| Records |
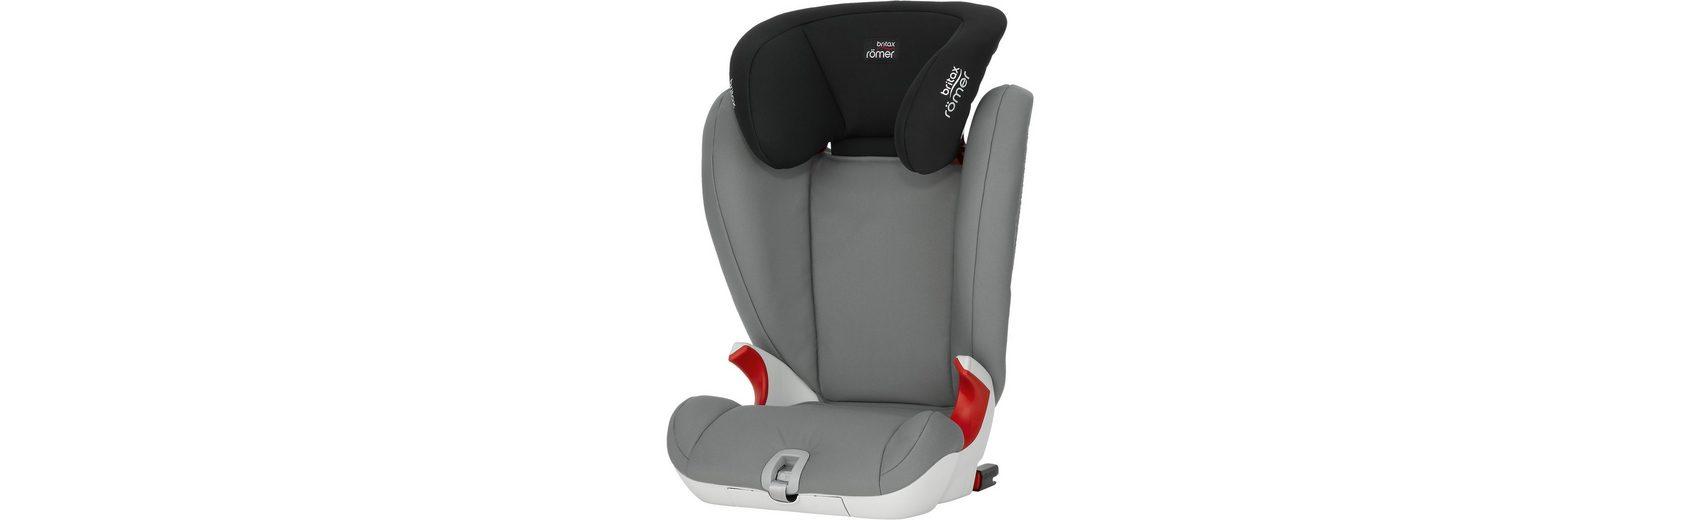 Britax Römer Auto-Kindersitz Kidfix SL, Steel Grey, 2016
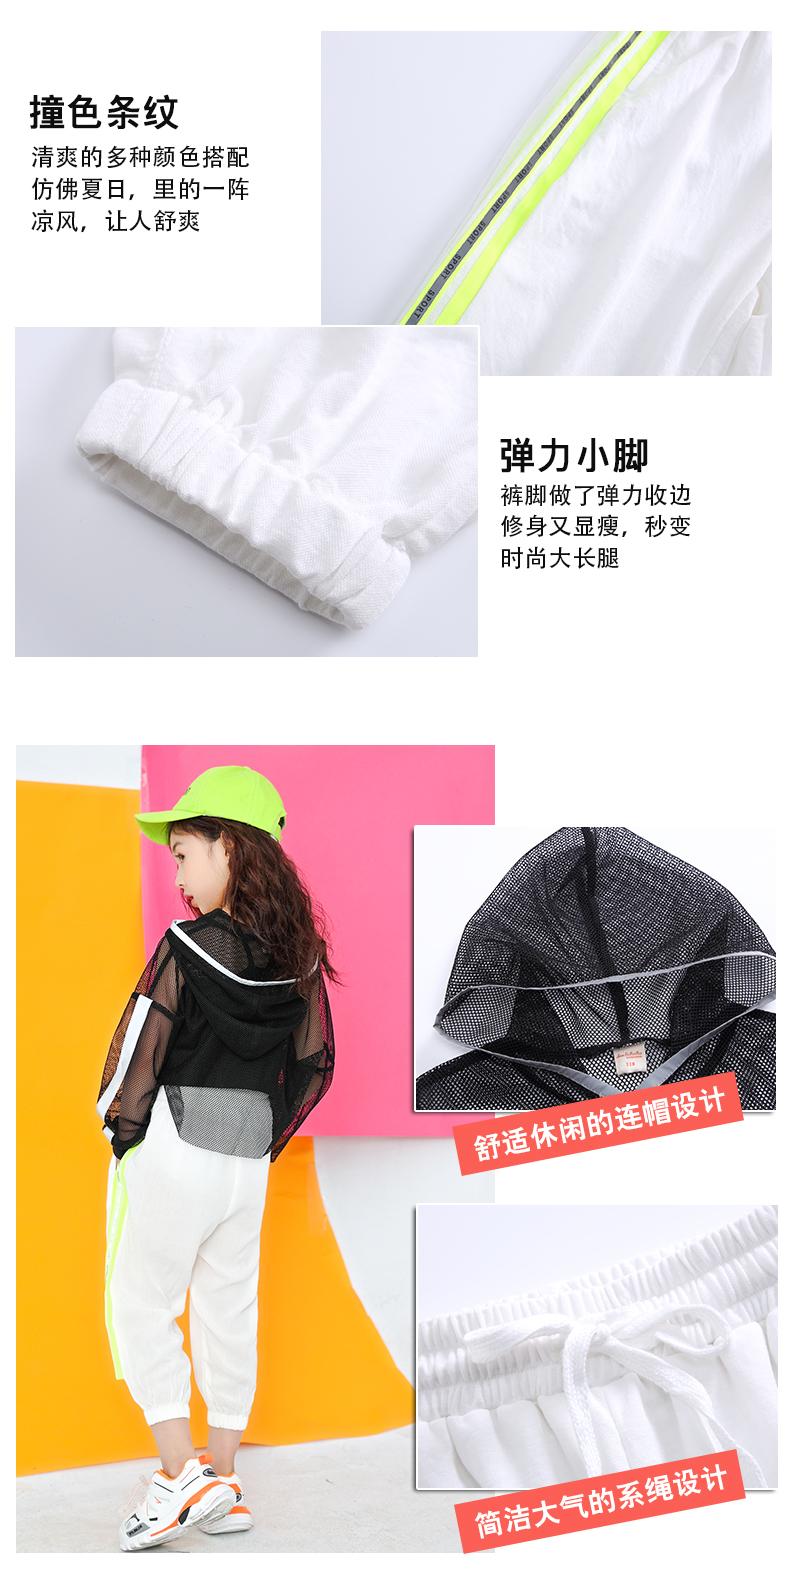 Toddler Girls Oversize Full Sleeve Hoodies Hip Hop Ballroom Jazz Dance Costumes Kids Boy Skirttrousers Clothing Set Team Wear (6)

---

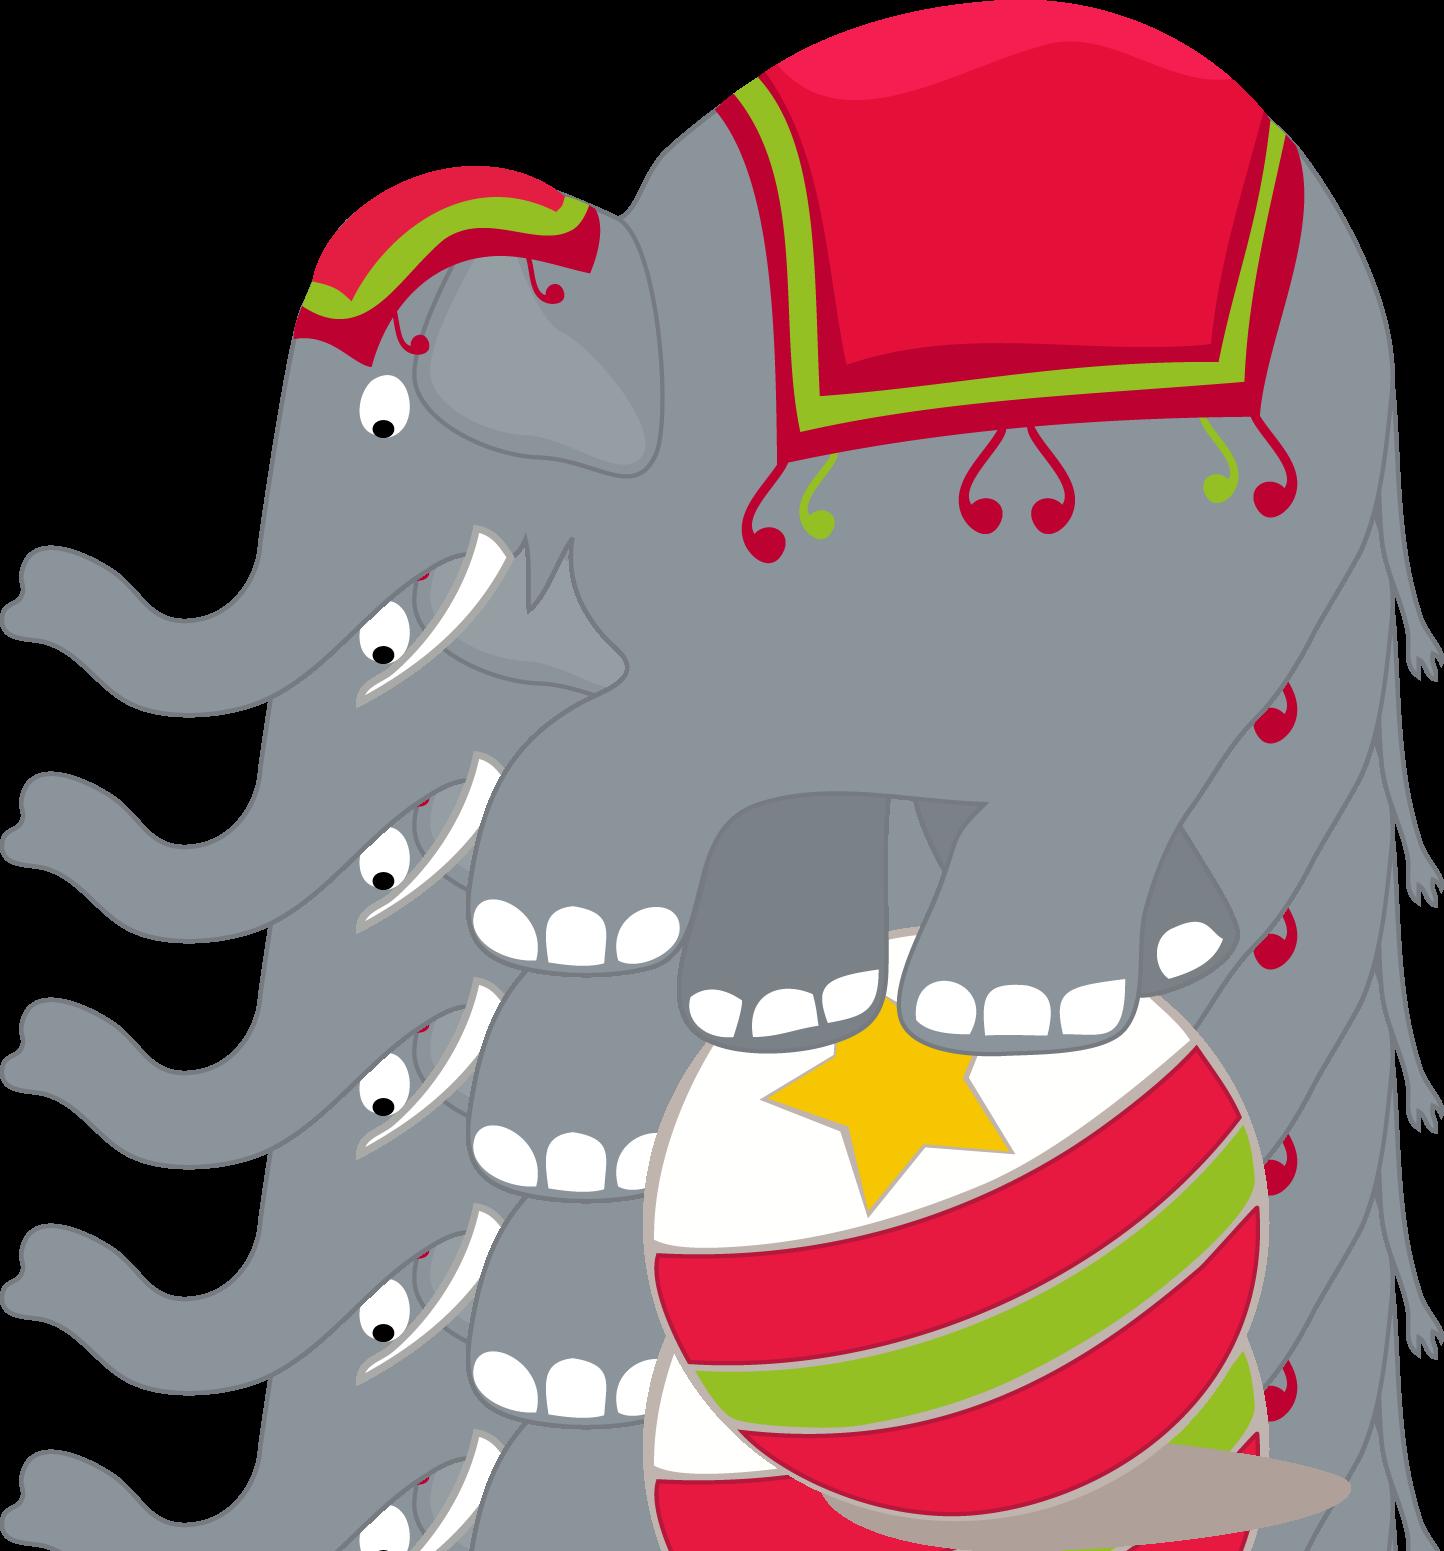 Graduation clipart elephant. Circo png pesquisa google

| Task item |
Exact repeat of the material above: every line from the one with "Britax Römer Auto-Kindersitz" through the one with "Toddler Girls Oversize", endpoints included, and nothing more. No pictures.

| Task result |
 Britax Römer Auto-Kindersitz Kidfix SL, Steel Grey, 2016
 Toddler Girls Oversize Full Sleeve Hoodies Hip Hop Ballroom Jazz Dance Costumes Kids Boy Skirttrousers Clothing Set Team Wear (6)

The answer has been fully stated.